Cardiovascular Risk Factors During Treatment and Cardiovascular Disease in the Early Survivorship Period
Variables collapsed due to small numbers and concern for confidentiality.
Based on the British Childhood Cancer Survivor Study risk groups. 29
CNS, central nervous system; IQR, interquartile range; SD, standard deviation.
OKHCA data analysis
Data linkage of the analytic survivor cohort (n = 731) with OKHCA claims data showed that 67.7% of survivors had Medicaid coverage (n = 495). The inclusion of claims data identified two additional cases of CVD 1–5 years after initial diagnosis that were not captured by institutional data, which yielded a cumulative incidence of 2.4% (n = 12). Among survivors with OKHCA coverage, those from small towns/isolated rural areas accounted for 50% of the incident cases of CVD, despite representing 17.5% of all survivors. Survivors from rural areas had a cumulative CVD incidence of 6.9% compared with 1.9% and 1.3% of survivors from large towns and urban areas, respectively (p = 0.02). Similar to the full cohort, there was a significant association between late effects risk strata and CVD (p = 0.006). Demographics, such as age, gender, and race/ethnicity, as well as CVRFs, were not significantly associated with CVD in the early survivorship period among those with OKHCA coverage (Table 2).

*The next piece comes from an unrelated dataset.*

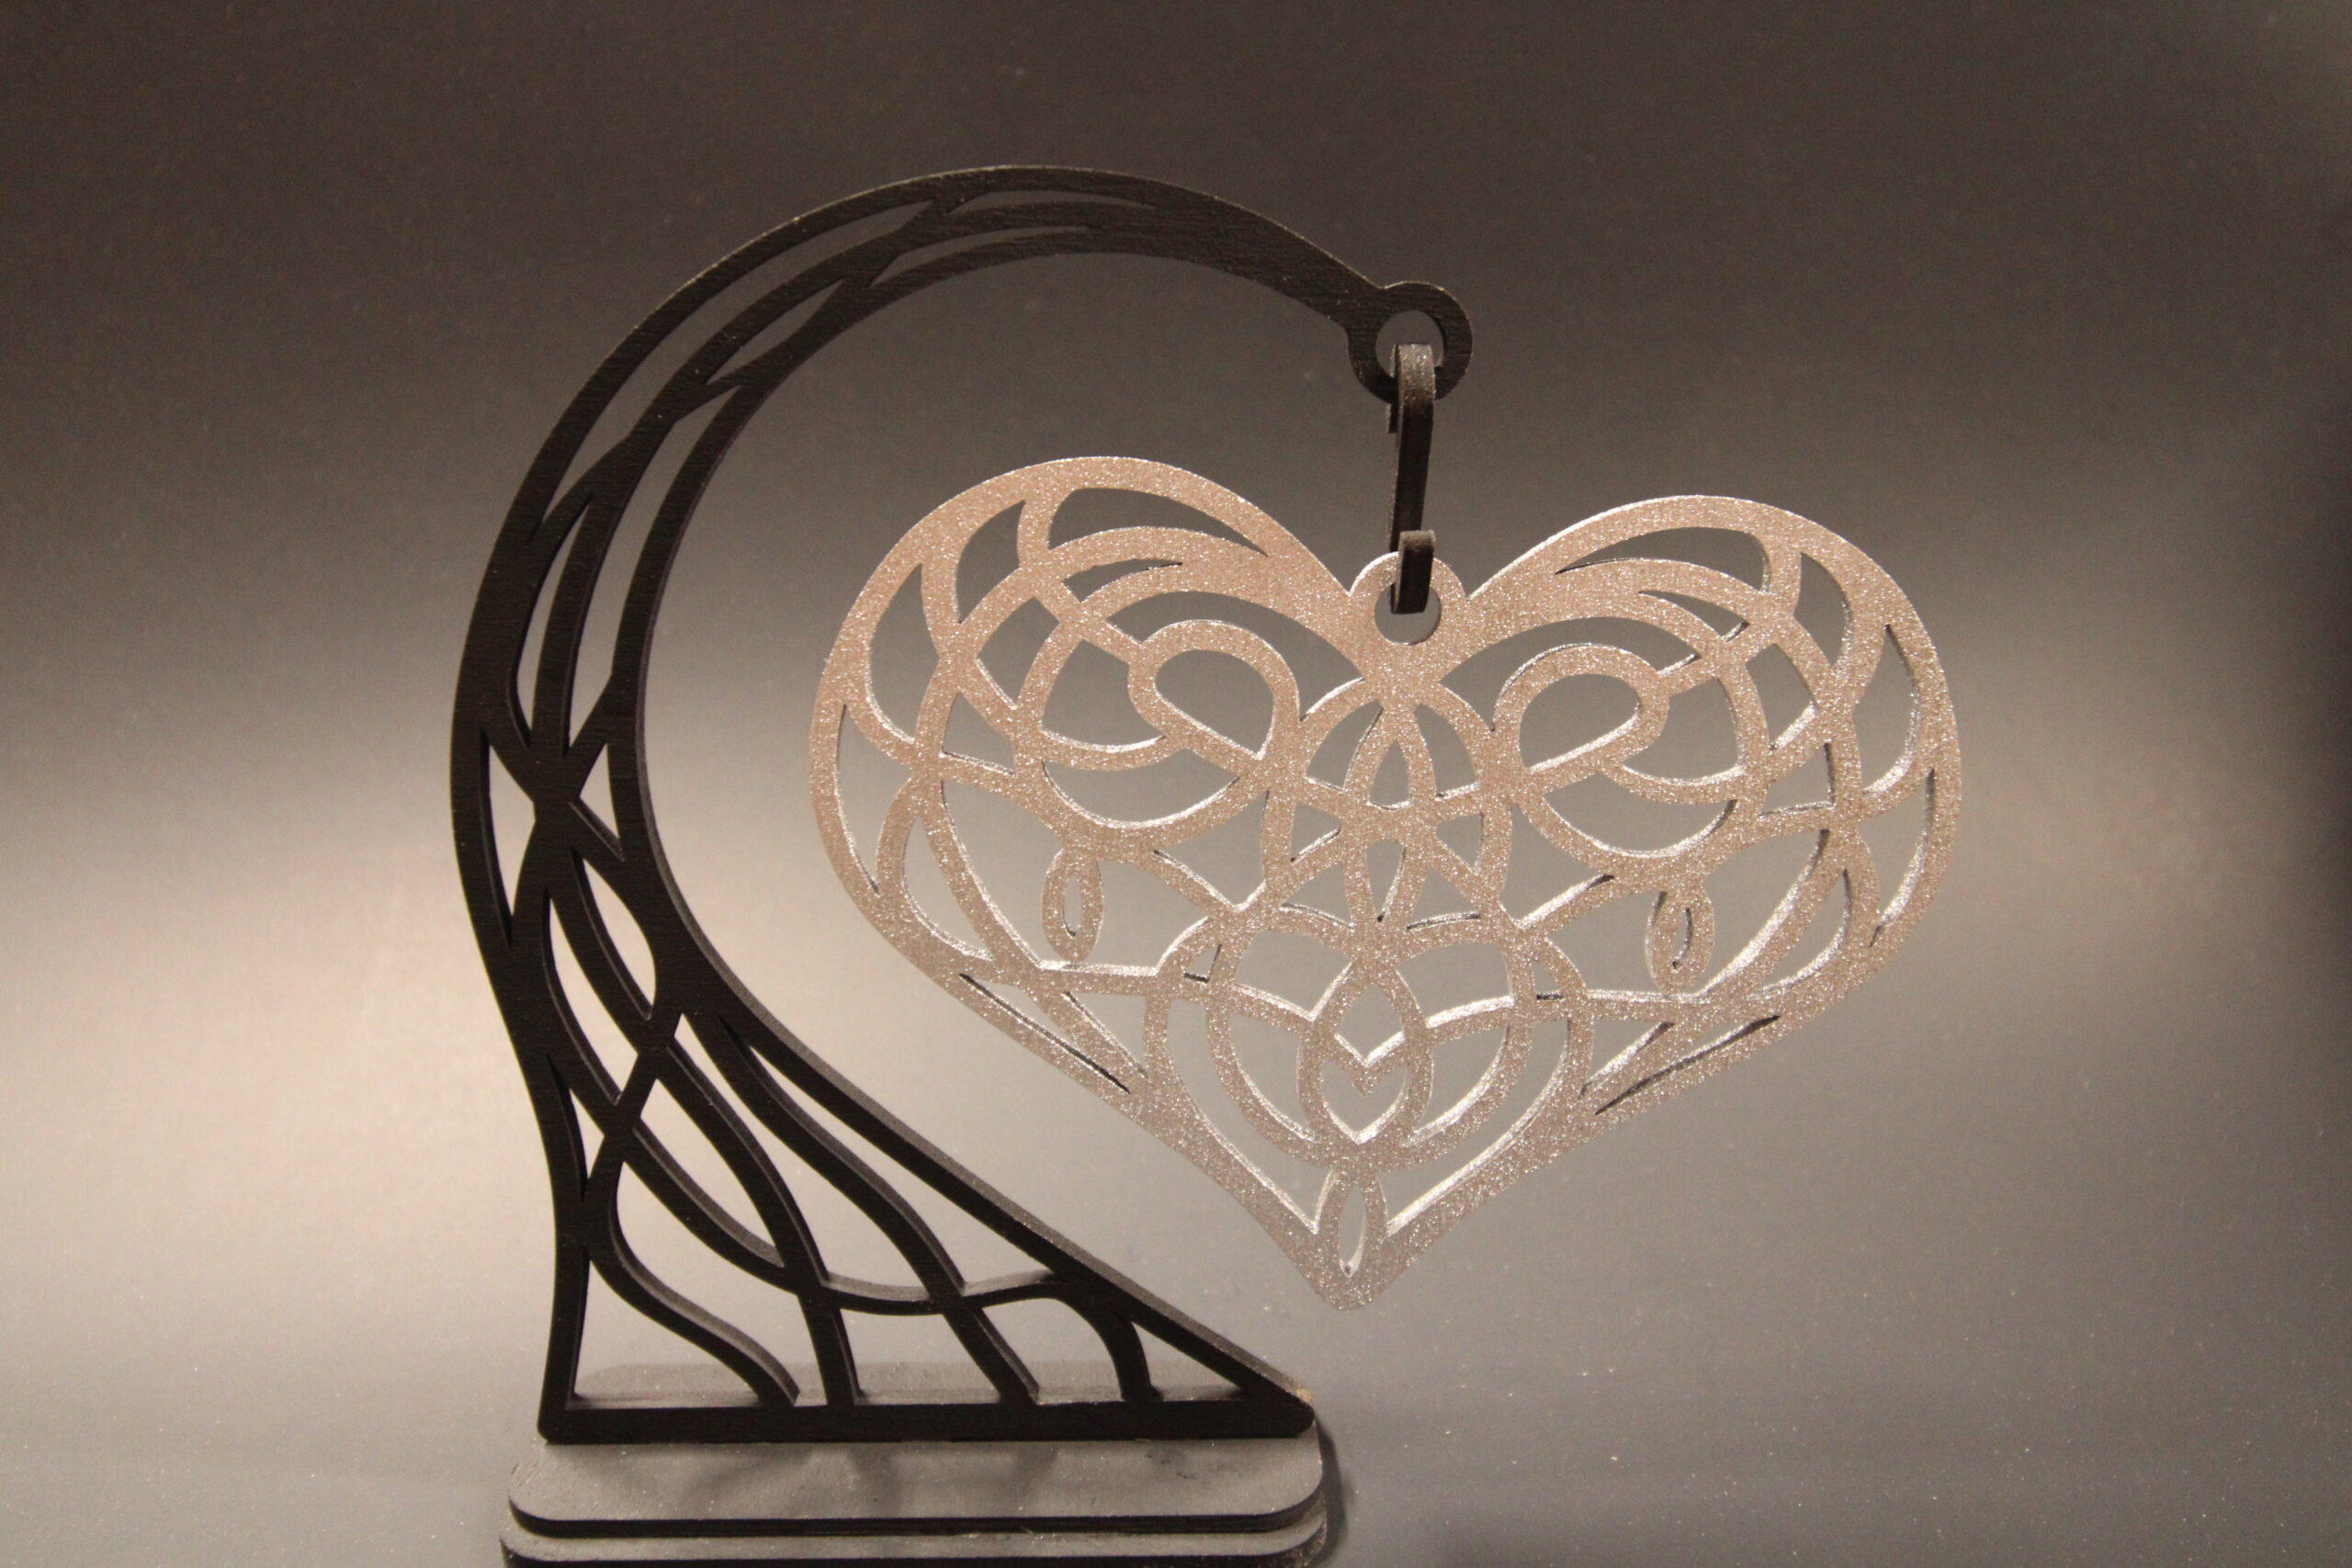 Custom laser cut silver heart for Valentine’s Day gift.

Cardiovascular Risk Factors During Treatment and Cardiovascular Disease in the Early Survivorship Period Among Survivors with Oklahoma Health Care Authority Coverage
Variables collapsed due to small numbers and concern for confidentiality.
Based on the British Childhood Cancer Survivor Study risk groups. 29
Individually significant predictors related to CVD were age, age group, rurality, and late effects risk strata. Age and age group at diagnosis had high collinearity (r = 0.83); thus continuous age was chosen as the preferred indicator for the model. However, age was not significantly related to CVD when included alongside other predictors and was dropped. Patient late effects risk strata were determined to be a confounder and were retained in the final model. Therefore, multivariable modified Poisson regression modeling showed that there was a persistent association between rurality and CVD, as survivors from small town/isolated rural areas had a 4.1 times greater risk (95% confidence interval: 1.1–15.3) of CVD compared with survivors from urban areas after adjustment for late effects risk strata (Table 3).
Modeling for Association Between Rurality and Cardiovascular Disease in the Early Survivorship Period
Adjusted for late effects risk strata.
A comparison of survivors with and without OKHCA coverage yielded several noteworthy differences (Table 4). Although primary diagnosis and late effects risk groups were not associated with OKHCA coverage, rurality was significantly associated with OKHCA coverage, as 78.4% and 75.5% of survivors from small town/isolated rural areas and large towns had OKHCA coverage, respectively, compared with 63.7% of survivors from urban areas (p < 0.01). Moreover, race/ethnicity (p < 0.01), female sex (p = 0.03), and young adult age group at diagnosis (p = 0.02) significantly differed by OKHCA coverage status. Regarding CVRFs, 17% of survivors with coverage had hypertension compared with 9% of those without OKHCA coverage (p < 0.01). For obesity, prevalence was 33% and 26% among survivors with and without OKHCA coverage, respectively (p = 0.03).
Comparison of Survivors with and Without Oklahoma Health Care Authority Coverage
Discussion
In this single institution cohort of CAYA survivors, clinical informatics tools based on discrete data elements from the EHR were leveraged to construct clinically computable phenotypes and evaluate the prevalence of CVRFs prior to diagnosis and during treatment. This represents a feasible approach to identify CVRFs on a population health level for at-risk survivors. No significant associations were observed between CVRFs and CVD in the early survivorship period for this cohort, yet this analysis and methods inform efforts to harness real-world data to drive improvement in survivorship-focused care. Furthermore, the presented analyses identified survivors at high risk for late effects in general, and those with OKHCA coverage were at increased risk of CVD in the early survivorship period. Claims data augmented the detection of cardiac events among survivors with OKHCA coverage and the analysis from this subcohort suggested that those from rural areas were at increased risk of CVD even after adjustment for late effects risk strata. Rural–urban differences, particularly inequities in cardiovascular health, in the general population underscore the need to prevent CVD, particularly for CAYA survivors at risk for late morbidity and mortality.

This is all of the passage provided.